2. Trend Tracking Indexes (TTIs)
Buy or Sell decisions for Domestic and International ETFs (section 1 and 2), are made based on the respective TTI and its position either above or below its long-term M/A (Moving Average). A crossing of the trend line from below accompanied by some staying power above constitutes a “Buy” signal. Conversely, a clear break below the line constitutes a “Sell” signal. Additionally, I use an 12% trailing stop loss on all positions in these categories to control downside risk.
3. All other investment arenas do not have a TTI and should be traded based on the position of the individual ETF relative to its own respective trend line (%M/A). That’s why those signals are referred to as a “Selective Buy.” In other words, if an ETF crosses its own trendline to the upside, a “Buy” signal is generated. Here too, I recommend trailing sell stop of 12%, or less, depending on your risk tolerance.
If you are unfamiliar with some of the terminology, please see Glossary of Termsand new subscriber information in section 9.
1. DOMESTIC EQUITY ETFs: SELL — since 02/24/2022
Click on chart to enlarge
Our main directional indicator, the Domestic Trend Tracking Index (TTI-green line in the above chart) has broken below its long-term trend line (red) by -8.73% and remains in “SELL” mode.
Overnight weakness, followed by an early dump, with the Dow dropping some 400 points, was reversed as bullish sentiment prevailed causing traders and algos to pull the major indexes out of a hole and back to within striking distance of their respective unchanged lines.
After two days of strong gains, the widely followed S&P 500 closed lower by a moderate amount, as the index gave back -0.19%, which was a nice recovery off the session’s lows. However, the S&P was not able to hang on to its 3,800 level, which it had crossed intra-day.
Today’s action reflected a moment of pause and deliberation as to how durable the current advance might be. After all, this rebound was based on nothing but hope that the Fed will make, or be forced to, a dovish pivot. So far, there have been no indications.
Bloomberg elaborated on the turnaround:
One giant options transaction may have sparked the S&P 500’s bounce on Wednesday, according to Wells Fargo & Co. The trade, which involved buying and selling call options tied to the index at a cost of around $31 million, probably helped fuel a recovery that saw the benchmark gauge erase a 1.8% decline.

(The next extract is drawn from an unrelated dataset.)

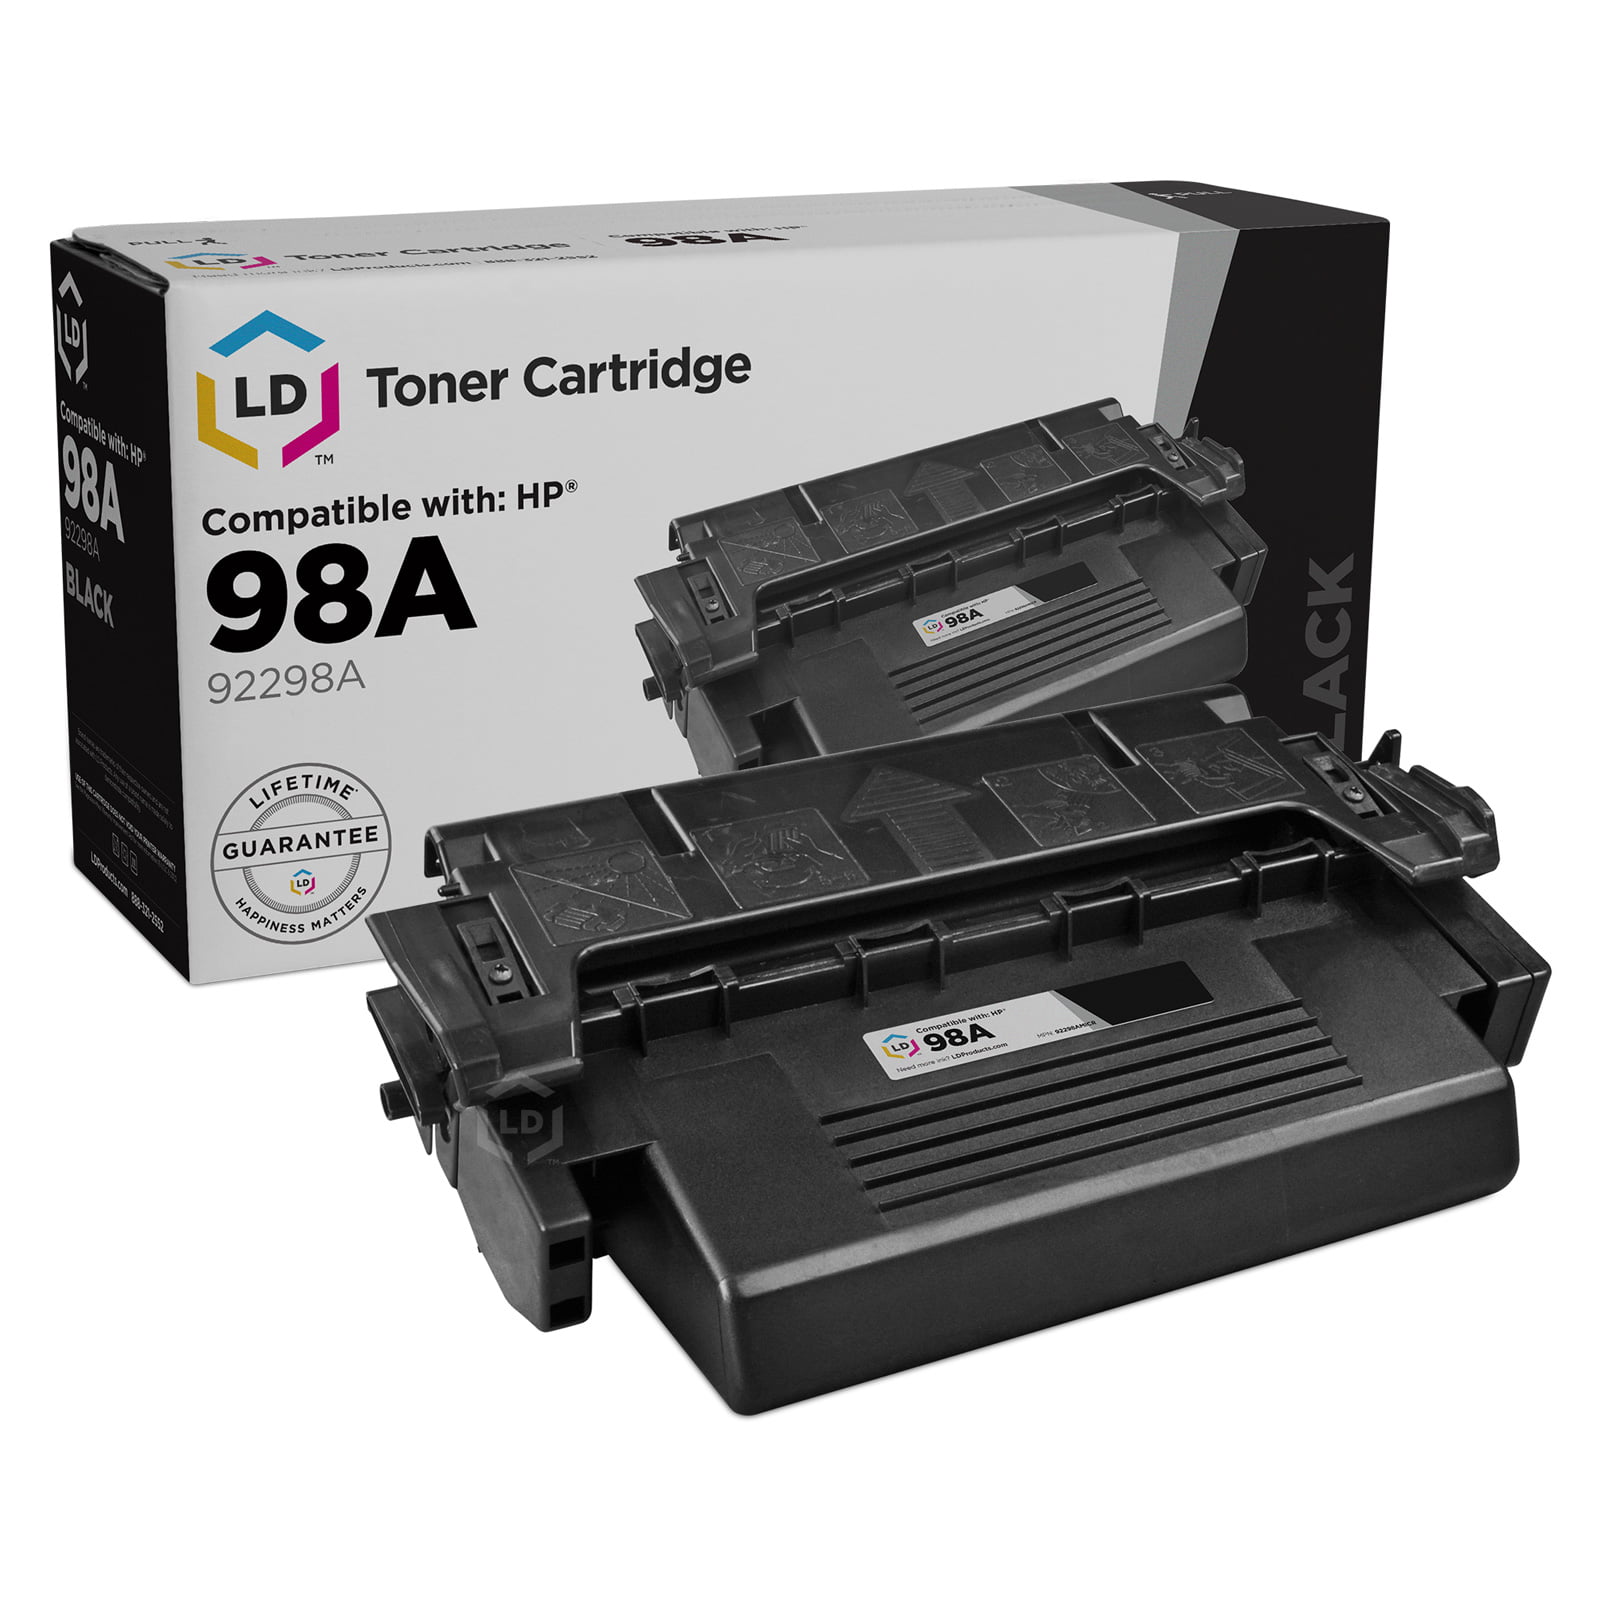 leksikon Udstråle Let at forstå LD Remanufactured Replacement for 98A 92298A Black Toner Cartridge for use  in LaserJet 4, 4 Plus, 4m, 4m Plus, 5, 5m, 5n, 5se - Walmart.com

A better-than-expected jump in jobs, as per ADP, showed an increase of 208k jobs vs. an expected 200k, but more important will be Friday’s non-farm payroll report.

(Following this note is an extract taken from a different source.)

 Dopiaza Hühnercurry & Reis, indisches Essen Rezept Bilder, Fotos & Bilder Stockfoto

Bond yields jumped but did not affect equities negatively, despite the 10-year climbing 12bps to end the session at 3.754%. The US dollar, after a 5-day down streak, showed signs of life again and rebounded almost 1%.
Crude Oil jumped as well, due OPEC now being in the process of reducing daily production. Ouch!
Gold bounced erratically but managed to defend its $1,700 level.
As ZeroHedge noted, financial conditions have eased notably over the last 3 days, which is not what the Fed wants to see. My conclusion is that they are not ready to pivot anytime in the very near future.